---------------------------------------- define i32 @src(i32 %0) noread nowrite nofree { %1: %2 = xor i32 %0, 4294967295 %3 = ctpop i32 %2 %4 = and i32 %3, 1 ret i32 %4 } => define i32 @tgt(i32 %0) noread nowrite nofree { %1: %2 = ctpop i32 %0 %3 = and i32 %2, 1 ret i32 %3 } Transformation seems to be correct! https://godbolt.org/z/hGoxxYYd6
Hm... If we have this transformation: ---------------------------------------- define i8 @src(i8 %0) { %1: %2 = xor i8 %0, 255 %3 = ctpop i8 %2 ret i8 %3 } => define i8 @tgt(i8 %0) { %1: %2 = ctpop i8 %0 %3 = sub i8 8, %2 ret i8 %3 } Transformation seems to be correct! Then int tgt(unsigned int a) { return (32 -__builtin_popcount(a)) & 1; } is nicely optimised to tgt(unsigned int): # @tgt(unsigned int) popcnt eax, edi and eax, 1 ret @spatel, replace xor with sub, WDYT?
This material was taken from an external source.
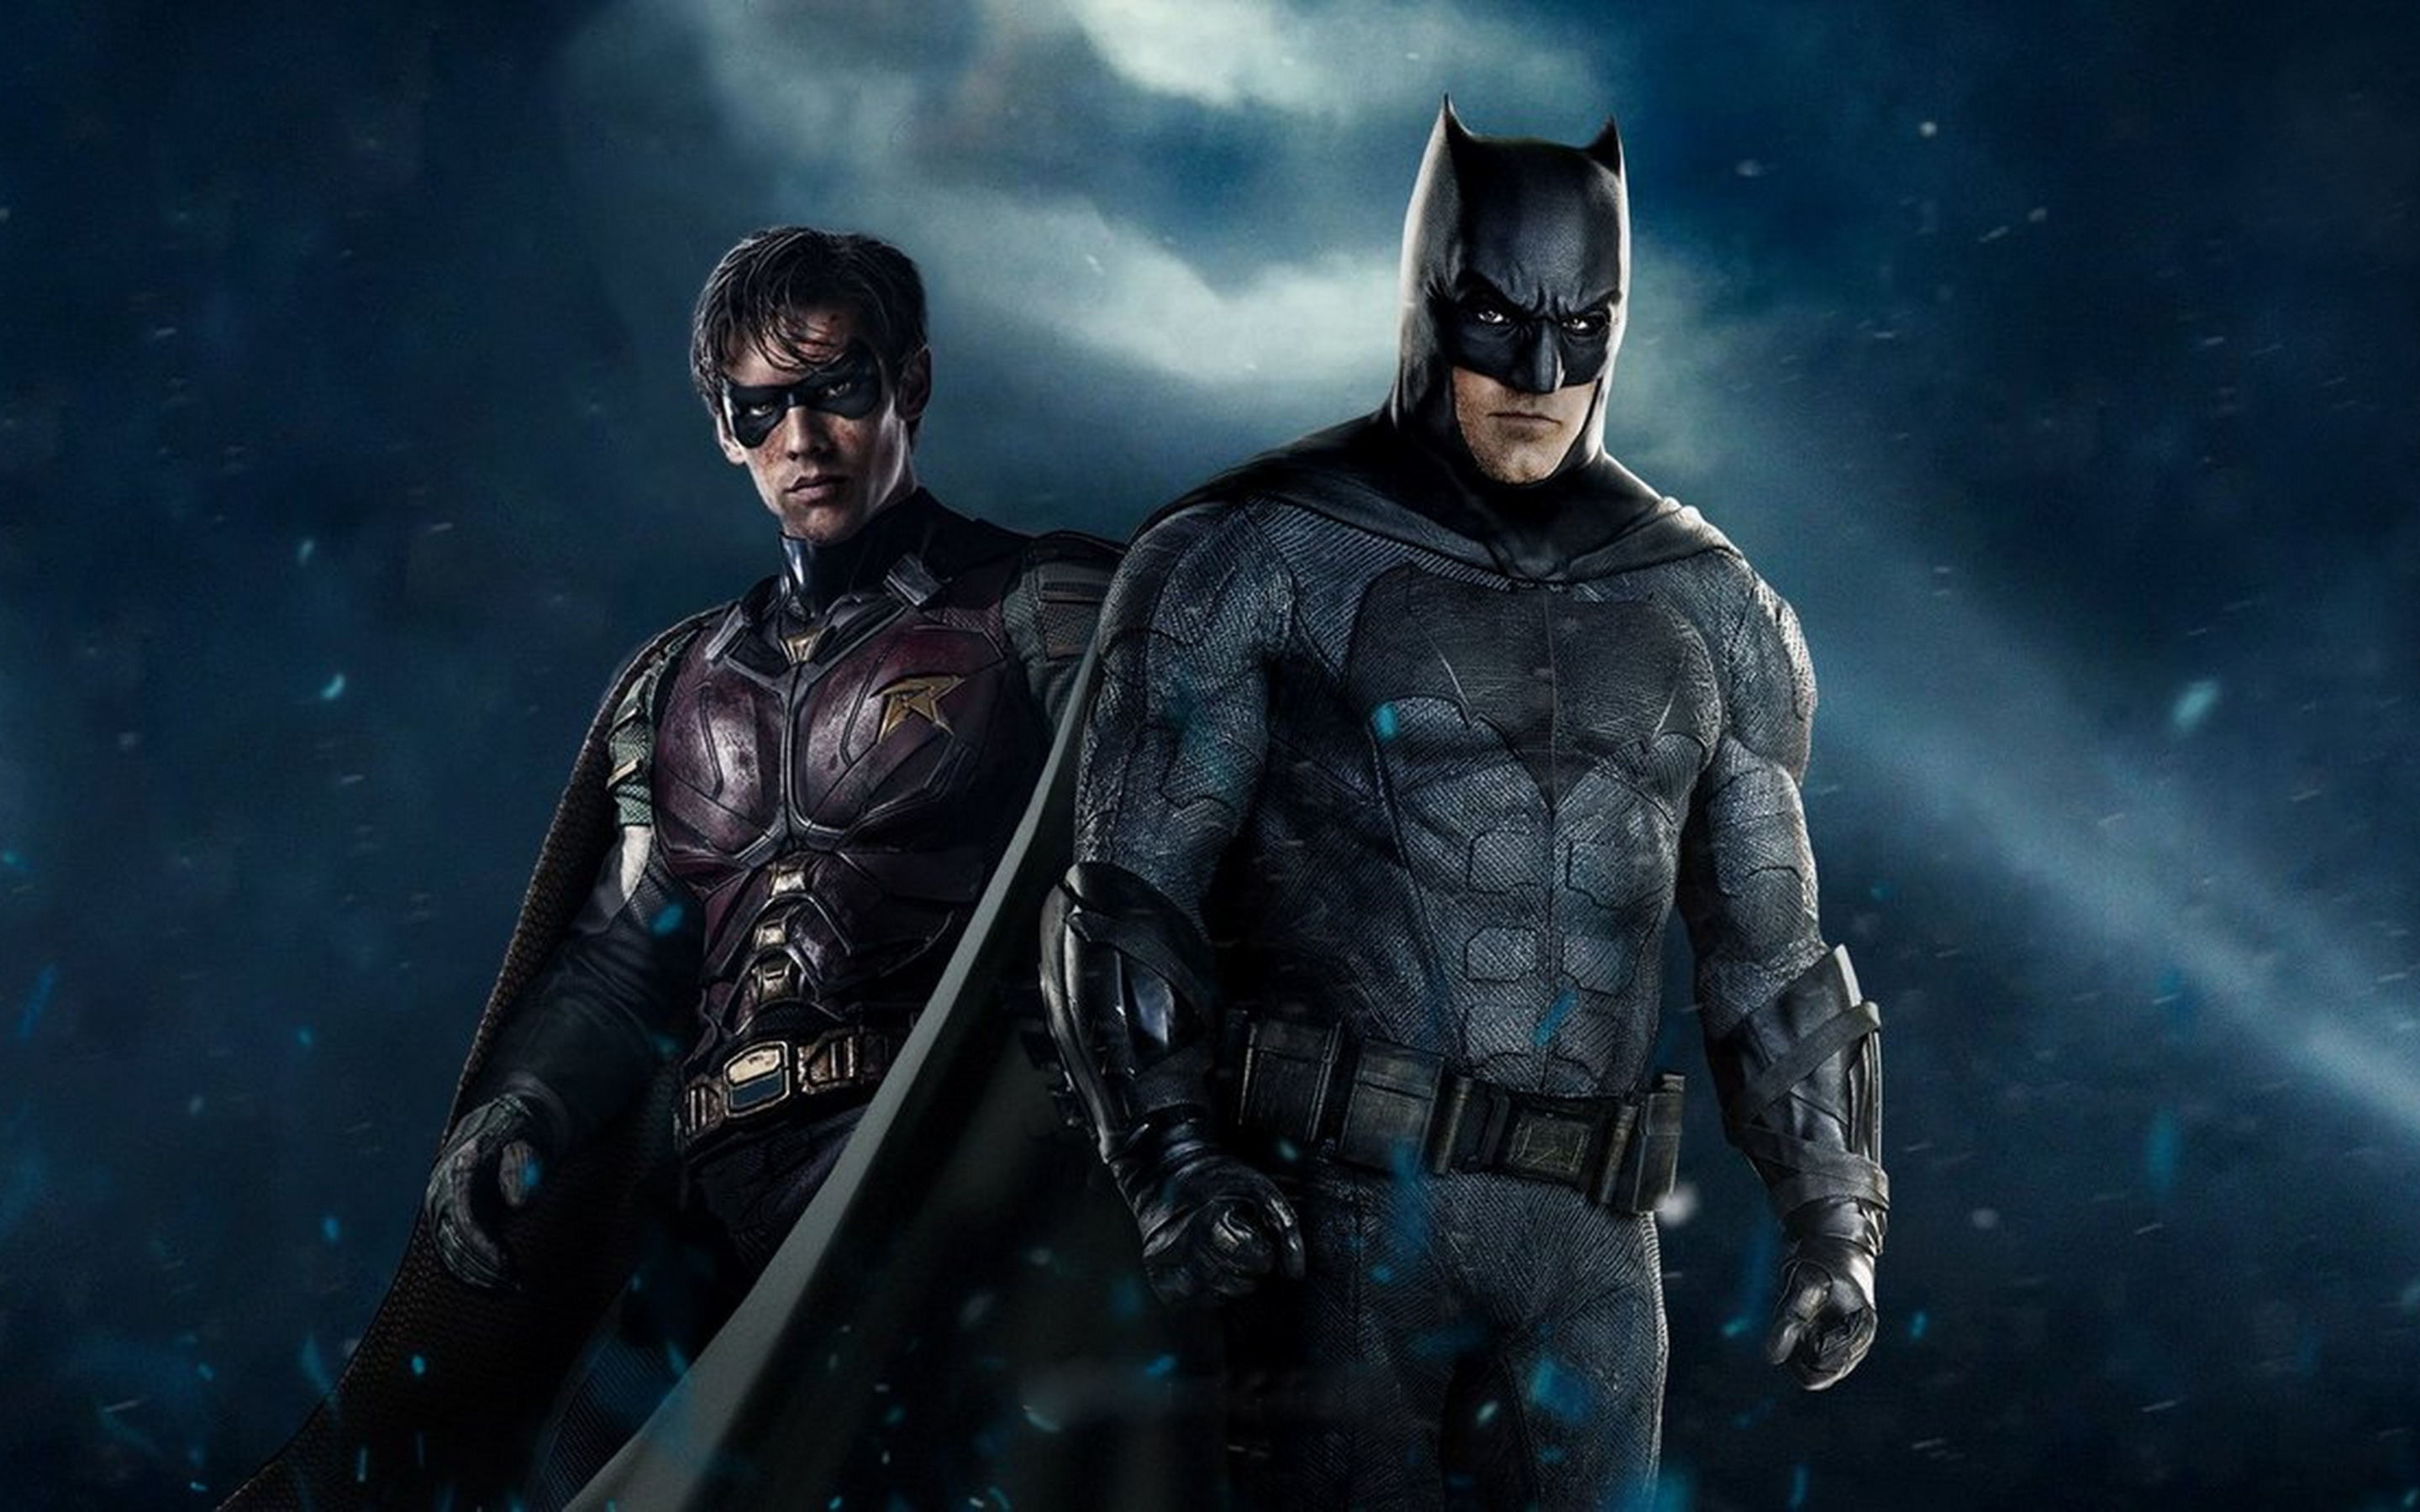 Titãs | Vídeo de bastidores revela detalhes do uniforme do Batman na série

int A(unsigned int a) { return (32 -__builtin_popcount(a)); } int B(unsigned int a) { return (__builtin_popcount(~a)) ; } A(unsigned int): # @A(unsigned int) popcnt ecx, edi mov eax, 32 sub eax, ecx ret B(unsigned int): # @B(unsigned int) not edi popcnt eax, edi ret
(In reply to David Bolvansky from comment #1) > int tgt(unsigned int a) > { > return (32 -__builtin_popcount(a)) & 1; > } > > > is nicely optimised to > > tgt(unsigned int): # @tgt(unsigned int) > popcnt eax, edi > and eax, 1 > ret > @spatel, replace xor with sub, WDYT? We really should have this folding to "not" in IR: https://alive2.llvm.org/ce/z/uuo8xa ...because a 'not' is better for analysis than a 'sub'. If that causes a regression on the parity pattern, we should add another fold for that. I'll take a look.
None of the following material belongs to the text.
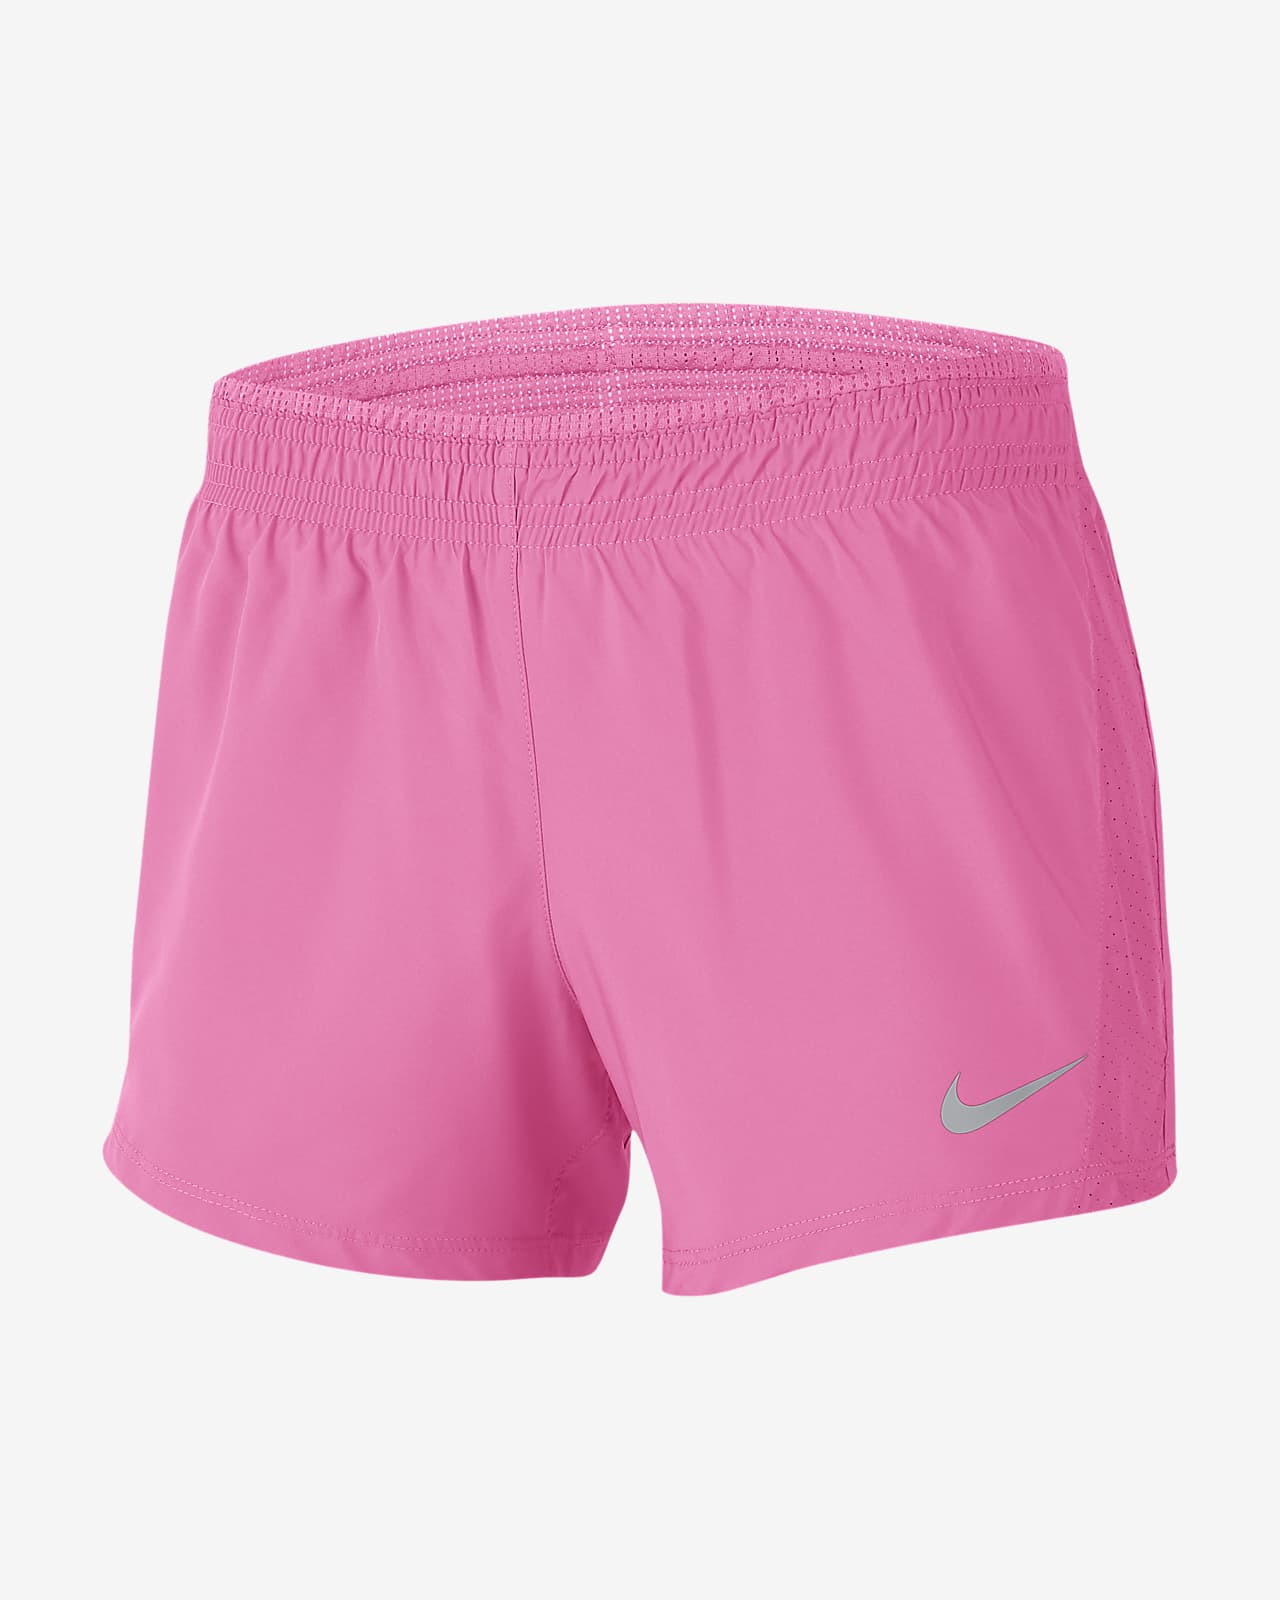 nike running shorts pink

https://reviews.llvm.org/rGe10d7d455d4e Please check if that solves the motivating cases. We probably still want the sub->not transform, but if it is not showing up, it may not be that important - can either keep this open to track that or open another report.
Thanks. I will close this PR and create new one.